# convert hdd/yr to btu



## 101x81 (Jan 31, 2010)

is someone can convert 5000*C hdd/yr in btu's, i know there is good geeks in this forum


----------



## ewdudley (Jan 31, 2010)

wood eater said:
			
		

> is someone can convert 5000*C hdd/yr in btu's, i know there is good geeks in this forum



Could you spell out what 'hdd' stands for please?

--ewd


----------



## DaveBP (Jan 31, 2010)

Heating Degree Days. 5000C would end up being about 9000F, I believe.
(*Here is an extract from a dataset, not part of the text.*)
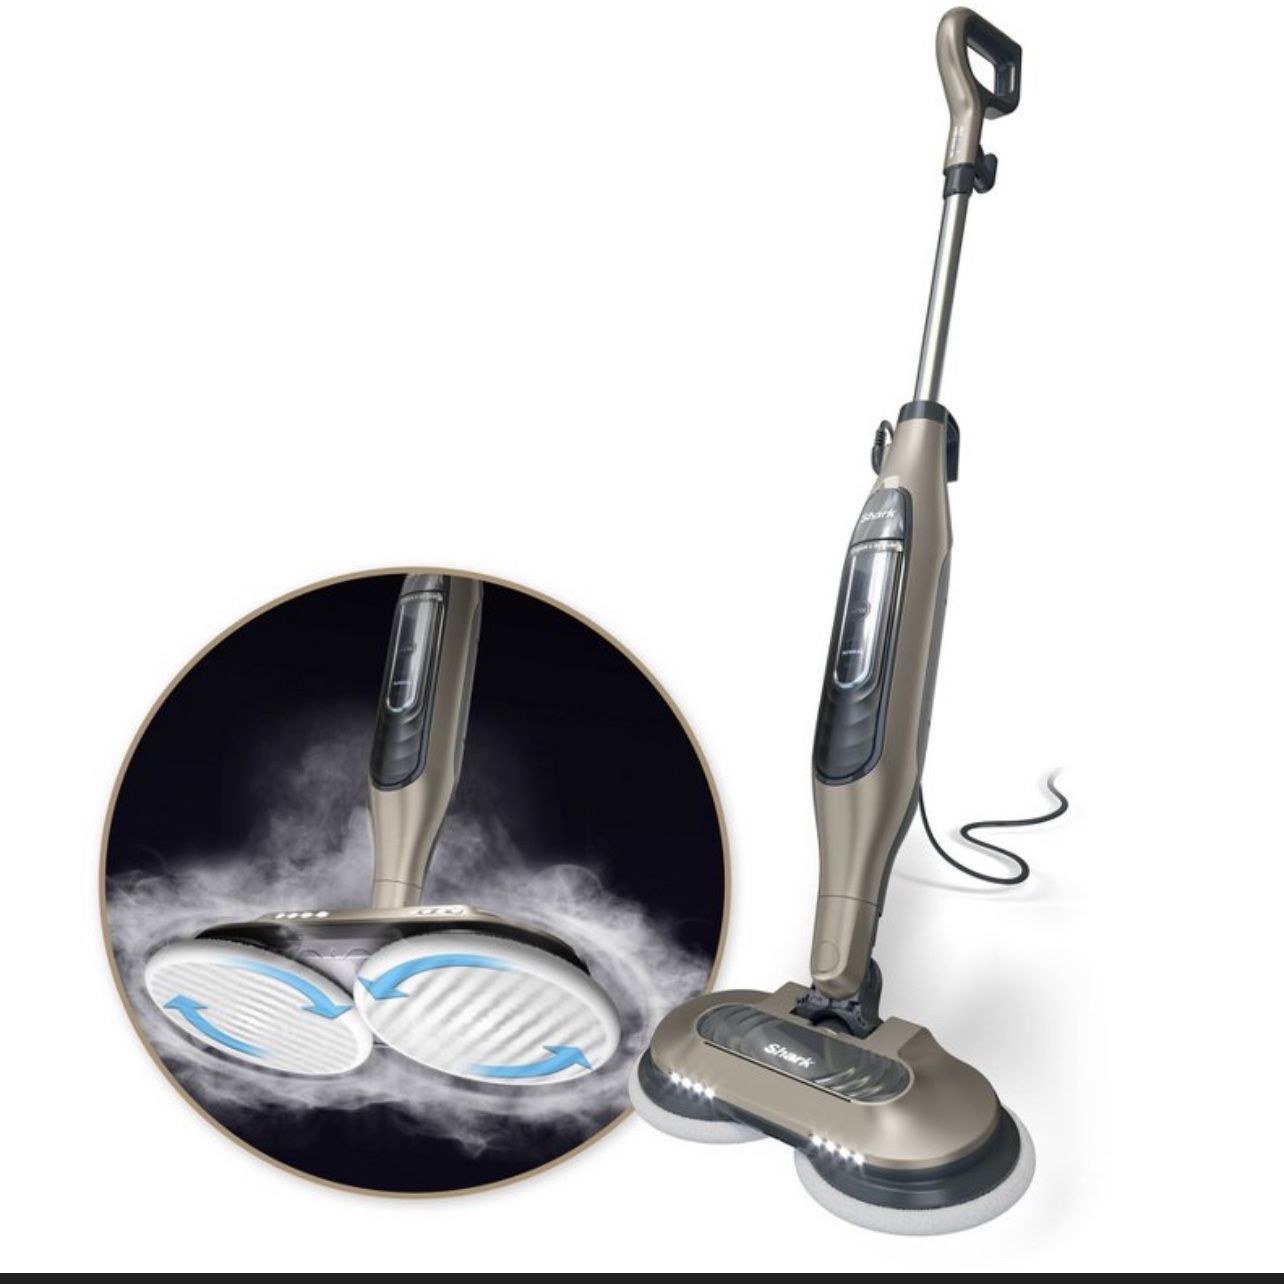 Shark S7001 All-in-one scrubbing and sanitizing* steam

Bigger annual heating bill than most of us south of the border.


----------



## ewdudley (Jan 31, 2010)

wood eater said:
			
		

> is someone can convert 5000*C hdd/yr in btu's, i know there is good geeks in this forum



[edited to correct for arithmetic errors]

To convert from heating degree days to btu you would first have to know what the heat loss of the system would be at some particular condition.

If the house loses heat at a rate of 15 kW when the outside temperature averages -12C, and if your degree day reference temperature was 18C, then your heat loss would be 360 kW-hr per 30 kelvin-day, or 12.0 kW-hr per Centigrade-heating-degree-day.

Converting the above example to parochial units, you'd have  22747.61 btu / Fahrenheit-heat-degree-day.  For 5000 Centigrade-heating-degree-days that would work out to about 204 million btus for the year, or 42651 btu / hour average for a 200 day heating season, IF your heat loss was 15 kW on a -12C day.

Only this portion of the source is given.